1. Tax Lien Certificates - The perfect investment? You Decide.

TLC's offer the ultimate in security through collateralized loans secured as legal liens over asset-based property. They offer excellent interest earned returns and even better returns on any properties that you acquire if the lien is not paid off.

In simple terms, if the homeowner doesn't pay his or her property tax on time, the county puts a tax lien on that property. If you buy that lien from the county, you will get the penalties and interest that the homeowner has to pay to the government. If the homeowner doesn't pay, you as the lienholder, get the property, free and clear.

Most will pay off the lien. Some won't. You have a secure investment of a few thousand dollars with a guaranteed minimum return and the possibility of owning a $100,000 or more property.

If you use your Traditional IRA money and a property does go to deed. You can roll that lien into a Roth IRA and pay tax on the value of that lien in that year, then when you sell the property for say $100,000, you will have that gain in the Roth IRA. Under the rules of the Roth IRA. If you keep it in the Roth IRA for 5 years or more, you will own no taxes on that money that you take out after you retire. (another fluke of the tax law).

You can go to the various counties yourself, research the properties, bid on the liens and pay for them right there; or you can contract with a professional that will do all that work for you.

There is a reasonable upfront cost and you will split any gain that results from the sale of any property acquired after you receive any cost you have paid out (your upfront cost) and any cost of selling the property. You get 100% of any penalty and interest and 50% of the profit on any sale of acquired property. The ultimate leverage of your investment dollar.

For more information, please send me an email and ask about TLC's and I will send you a link to a Flash Presentation that will further explain TLC's and the process.

2. Guaranteed Rate Indexed Annuities - Sold by Insurance Agents. These act similar to CD's unless you take an action, Annuitizing. This is when you, in effect, turn them in for a income stream over a period of time, which could be Lifetime Income. They have a start date and a end date where you are guaranteed a contracted rate of interest and at the end of that time you can get your money or roll it into another financial product.

You can also get additional interest added based on what happens to an Index (i.e. the S & P 500, the Dow, etc.).

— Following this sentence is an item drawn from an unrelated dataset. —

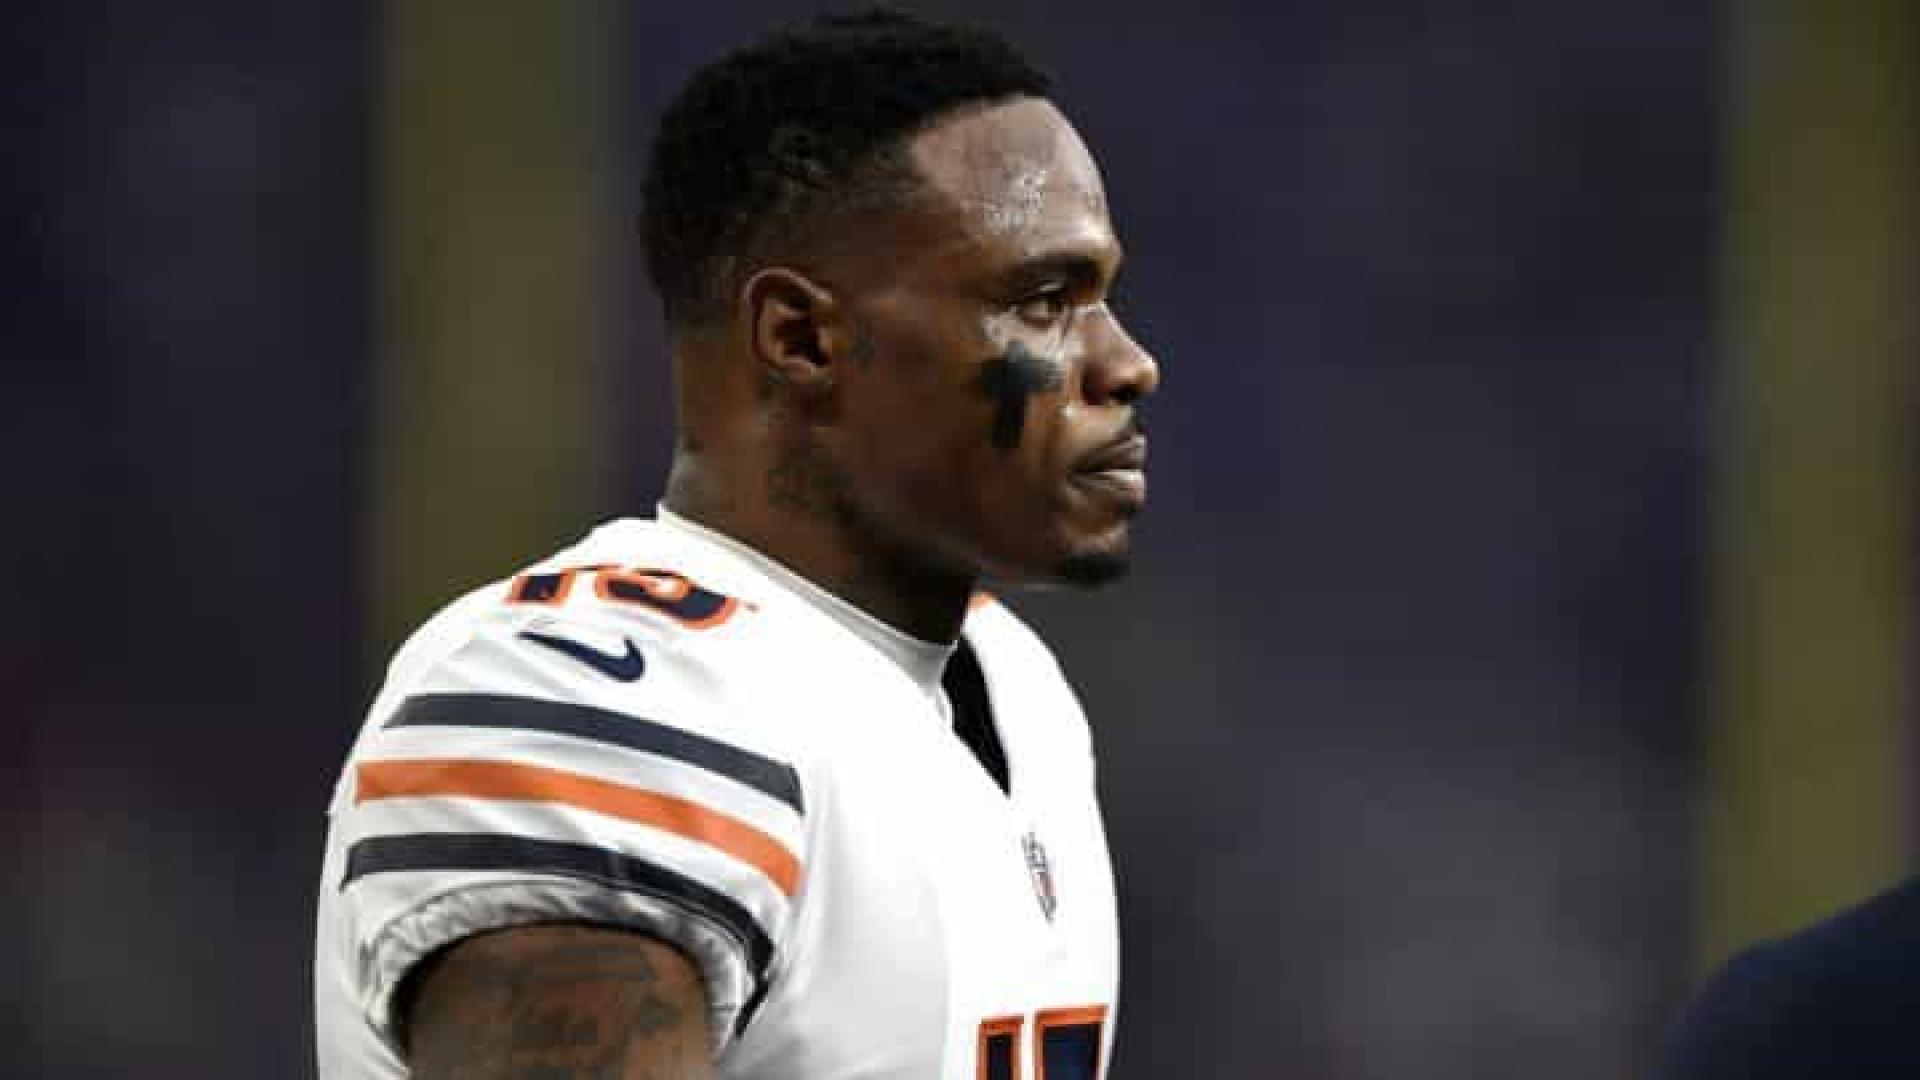 Jogador da NFL é acusado de gastar auxílio da pandemia em cassino

These are guaranteed by "A" rated or better insurance companies. No one has ever lost any money in an annuity.

They are tax deferred (no phantom 1099 interest income at the end of each year). If the index decreases three years in a row, you don't get the extra interest, but you always have your guarantee that by the end of the period you will get the minimum interest guaranteed or more.

On the other hand, you know that if your stock or mutual fund declines, you have a loss. You also know that when it recovers to the price you bought it, you break even.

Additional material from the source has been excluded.